Выбрать главу

Народ есть политическое тело коллективной личности, находящейся здесь. Парламентаризм, поддерживаемый групповым эгоизмом, враждебен народу и предает революцию, т.е. попытку оказаться там. Народ действует, думает и желает как один большой человек, если это трудящийся народ, в организме которого истреблены патологические бациллы буржуазности, сонная малярия метафизического бесчувствия, ведущая нацию к самоубийству и растворению в общем море «мировых эксплуатируемых». Роспуск парламента всегда оправдан как сигнал к ритуальному политиче­скому насилию. Как шанс Справедливости.

Принцип удовольствия выборов голосует против принципа их реальности. Выборы превращают предпочтение (удовольствие) в причастность (реальность), причем предпочтение «х» в причастность к «y», где «х» и «у» больше не имеют никакого общего качества. Выборы реализуют только одно право — право расстаться с самим собой. Избирательная пропаганда работает по принципу «мы — это вы», что означает для проголосовавших «вы больше не вы».

«Безответственность, солипсизм, нарциссизм, анархизм» — ругали меня представители всех партий. Они не хотели признать главным ресурсом социальной машины отчуждение, а процедуру выборов — самой очевидной формой обнаружения этого отчуждения. Они не захотели заметить на себе кандалов конституционного благочестия, им сладка тяжесть цепей, и они продолжают бренчать веригами, радуя слух следующих поколений.

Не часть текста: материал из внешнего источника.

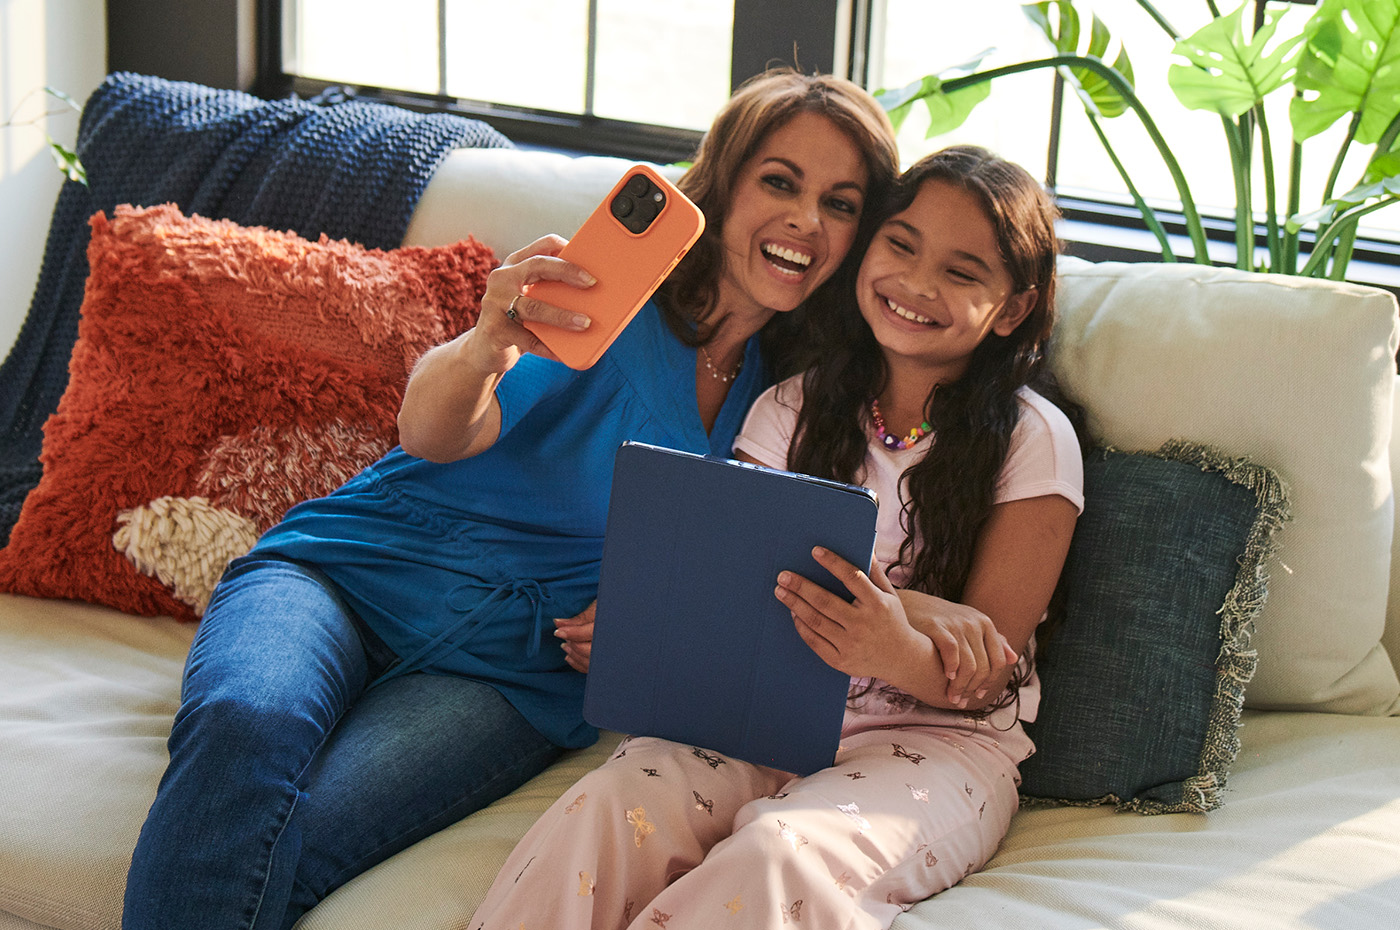 A mother and daughter smile on the couch as one takes a selfie with a phone and the other holds an iPad, both powered by Optimum Internet

Принцип выборов обращается к институту интеллектуальной собственности, а интеллектуальная собственность это прежде всего претензия распоряжаться чужим сознанием. Обладание программой, эксклюзивным рецептом, решением социального вопроса, отличающим кандидата от его конкурентов, подтверждает право избранного организовывать жизнь как голосовавших, так и неголосовавших по универсальному, известному только ему рецепту.

Узурпаторы интеллектуального капитала. У них нет красных пиджаков и золотых цепей на руках, как у их классовых братьев из анекдотов, разве что позолоченная оправа дорогих очков на носу. Они движутся плавно, почти безмятежно, в утробах своих четырехколесных блестящих гробов с затемненными стеклами. Чудовища в человеческом облике, благоухая, потея, чувствуя странную, садистскую жалость к самим себе, они делают знак шоферу, чтобы он поворачивал (если это Москва) на Охотный ряд, к парламенту, где можно снять проститутку. Они охотятся на людей. Они жалеют, что шофер пока еще не электронный, а живой. По их лицам скользят тени и свет реклам большого обреченного города. Восковые муляжи в шикарных машинах, господа чужих мозгов, купившие этот товар не так уж дорого, продавцы и менялы ноу-хау и модных технологий, достойные того, чтобы сгореть в гудящей от гнева раскаленной печи истории. Рано или поздно ваше авто вас доставит туда и тогда, впервые ваши рабы окажутся счастливее вас.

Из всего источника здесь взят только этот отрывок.